The text was originally posted to Reddit, and began as a serious reply to somebody who was having problems with a co-worker after they found out about their pregnancy.
"I’m experiencing this and have been with my best friend. :( She has BPD and it makes it even harder," the reply began, quite coherently.
"My pregnancy and child have brought up a ton of horrible do we have a poop uhoh poop poop poop poop poop poop poop We have a poop we have a poop we have a poop poop poop poop poop poop poop is that a poop is that a poop I think we have a poop we have a poop we have a poop poop poop poop poop poop poop is that a poop is that a poop oh my it is a poop I love you my poopy boy I love you my poopy boy Mama change your poop you mamas poopy boy I love you my poopie boy oh my little buddy mama is almost done mamas almost done oh there we go there we go good job good job we did a good job poopy boy you stink you stink poopie boy can mama put your pants on hey can I put your pants on mama put your pants on ok I love you buddy I love you that’s my buddy oh there we go no more poops no more poops now we got a wash our hands OK Can you sit here while mama wash her hands just for one second while mama washes their hands OK here take this take this put that in your mouth good boy just one second."

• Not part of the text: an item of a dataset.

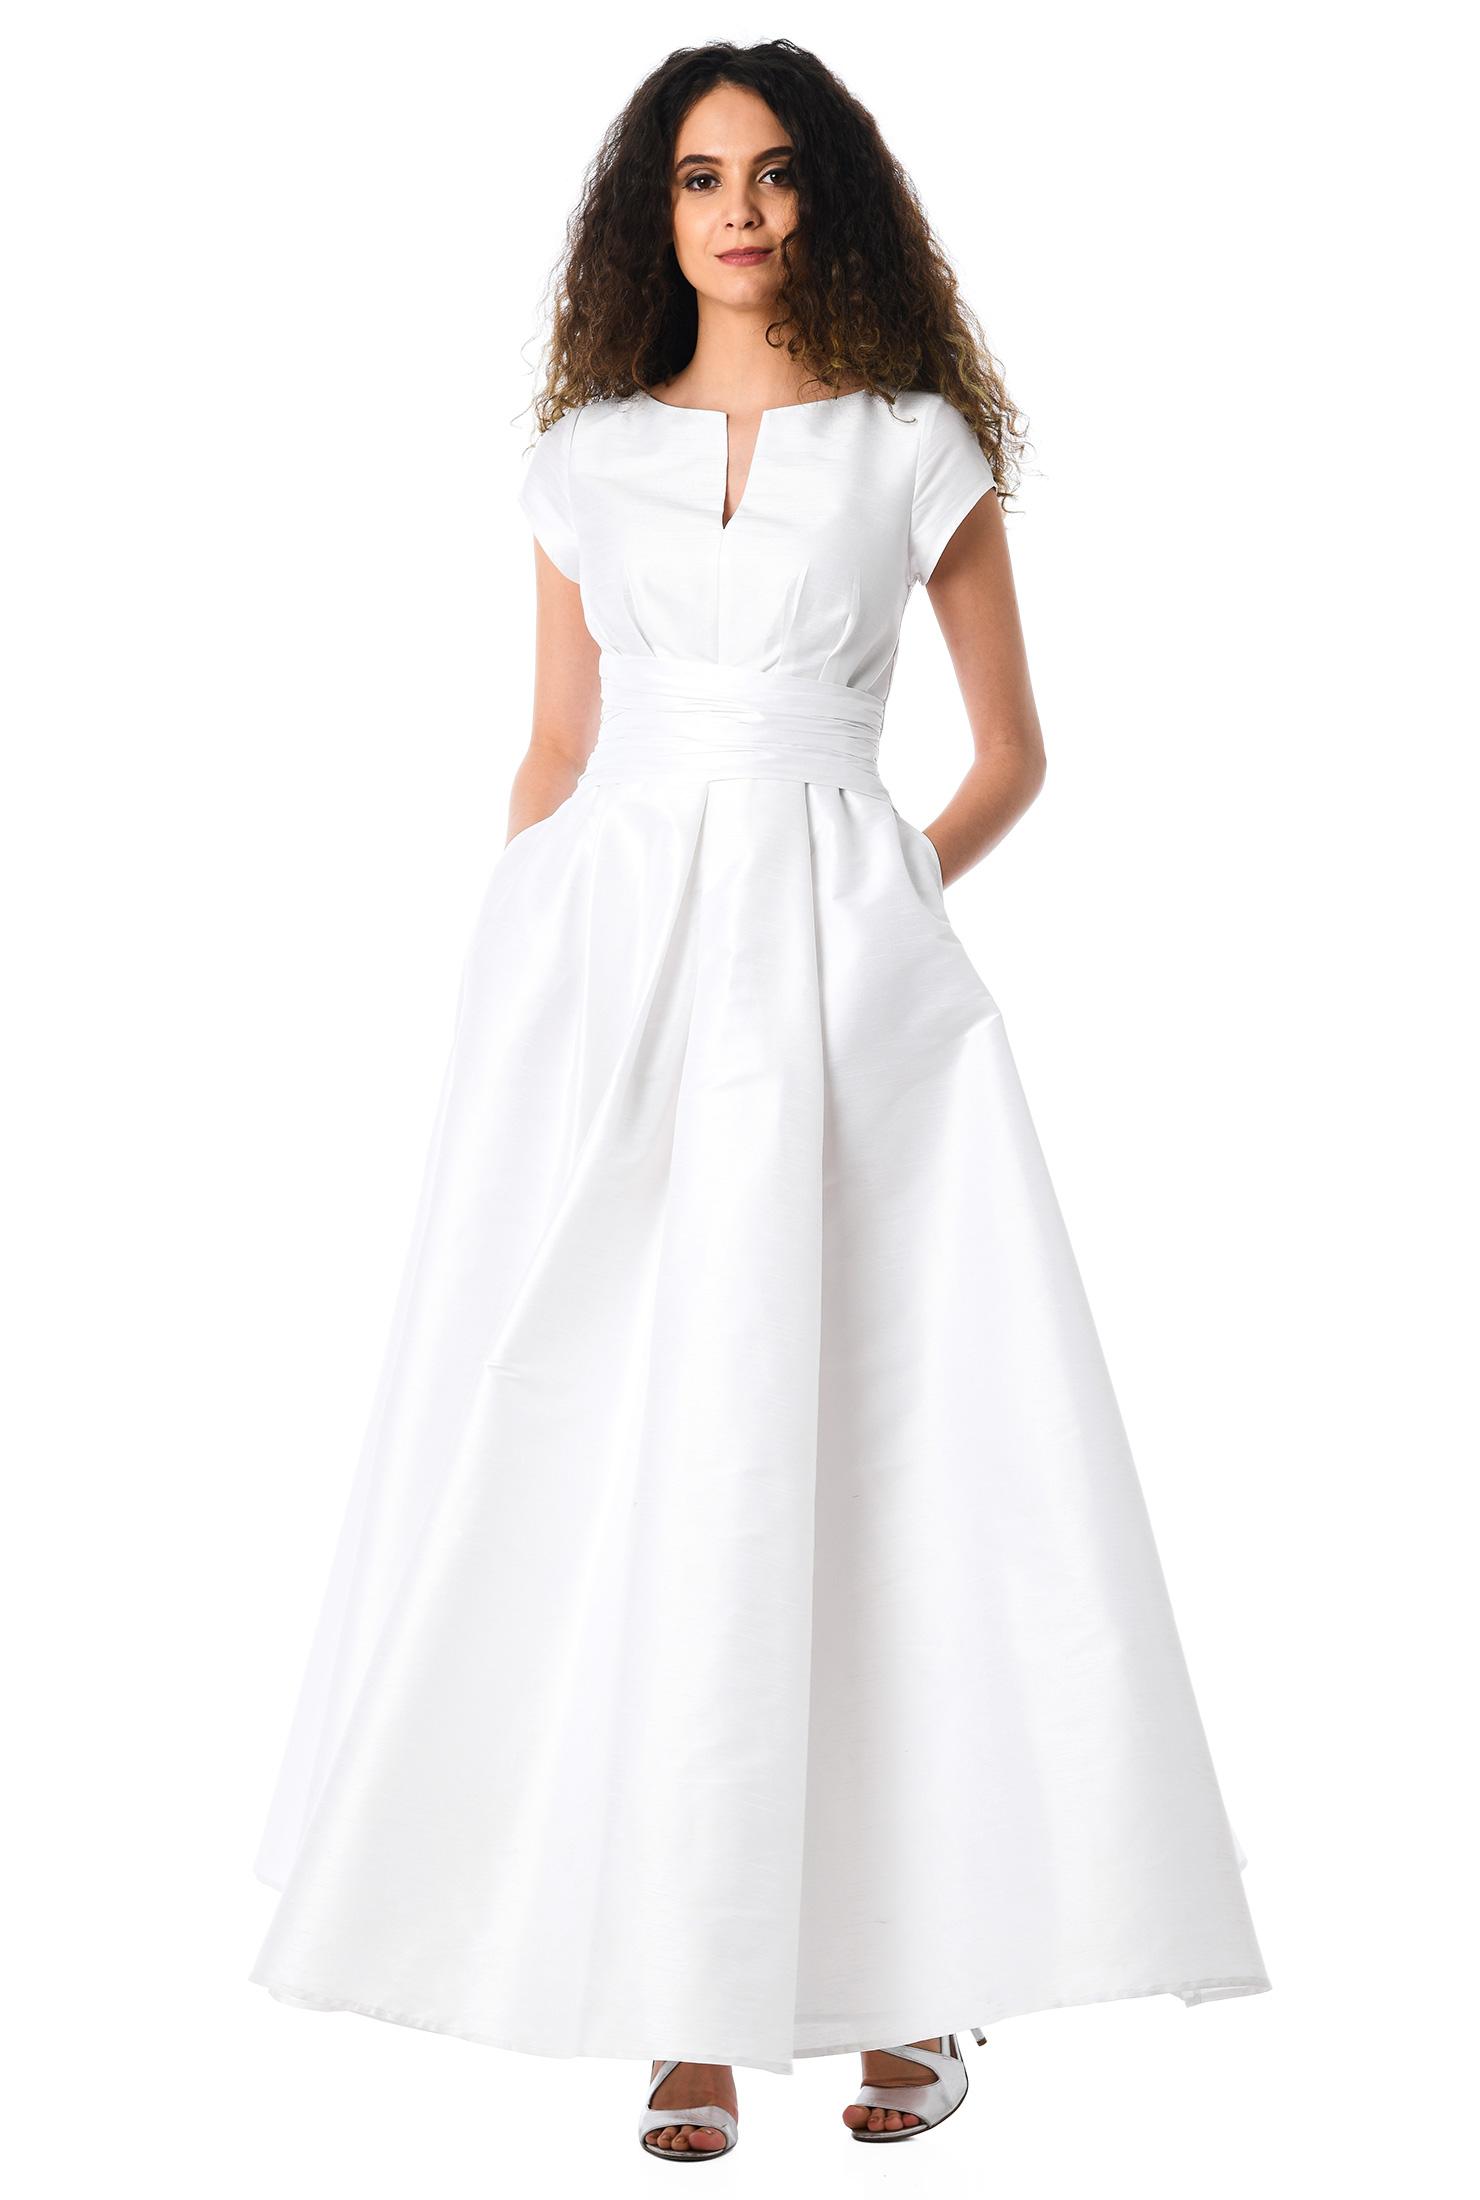 837ad60f6 Women s Fashion Clothing 0-36W and Custom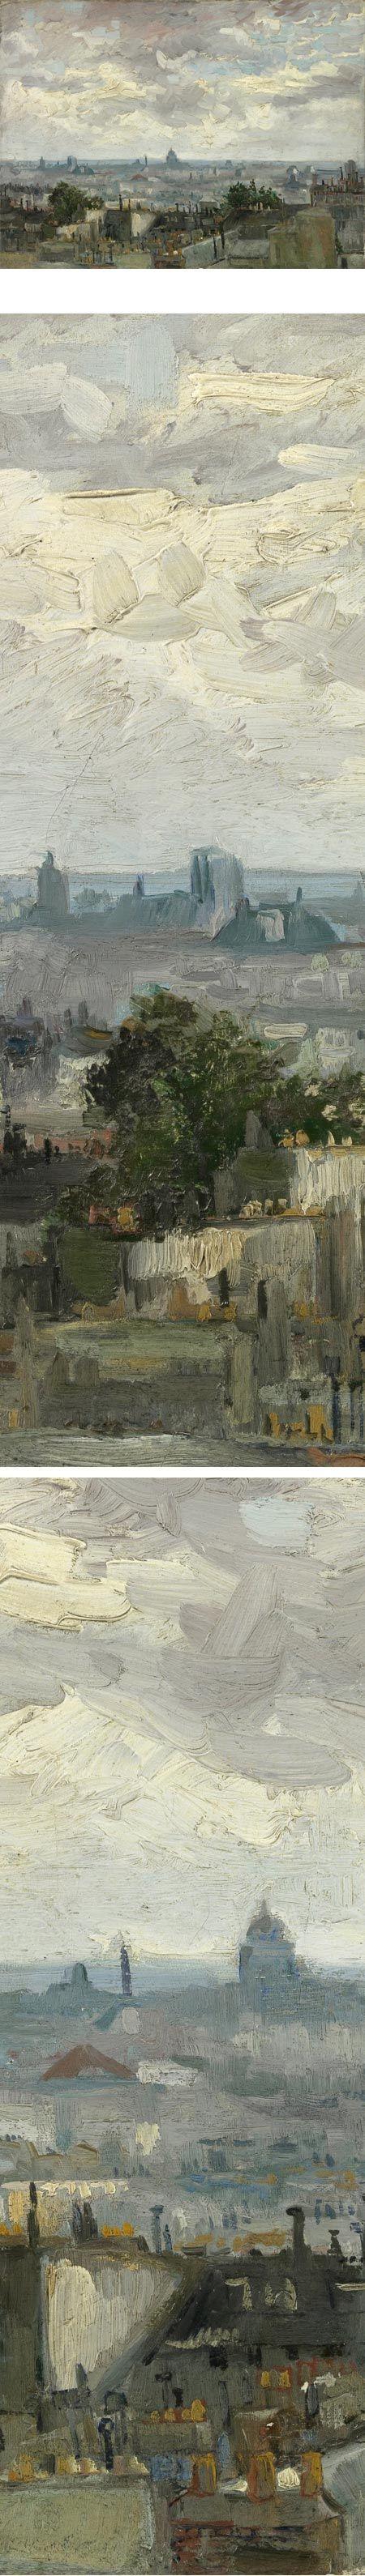 View of Paris, Vincent van Gogh. This is a wonderful Van Gogh work that is new to me. Wonderful handling of the brush.

As you have probably worked out, during the transcription she was interrupted by her good stinky boy who had done a poop poop poop.
In another similar tale from 2017, one trombonist accidentally texted his wife using voice-to-text technology.
He later offered up the proof for the skeptics out there.
To be fair to the tech, it transcribed a fairly typical conversation between a parent and a kid having their diaper changed, and a trombone going "whoop woop woo woo" with astonishing accuracy. One day, maybe the tech will be able to differentiate when a heartfelt reply to a plea for advice turns into a poop clean-up, or a kickass tuba solo from a request for somebody to "please pick up milk". But hopefully, not soon.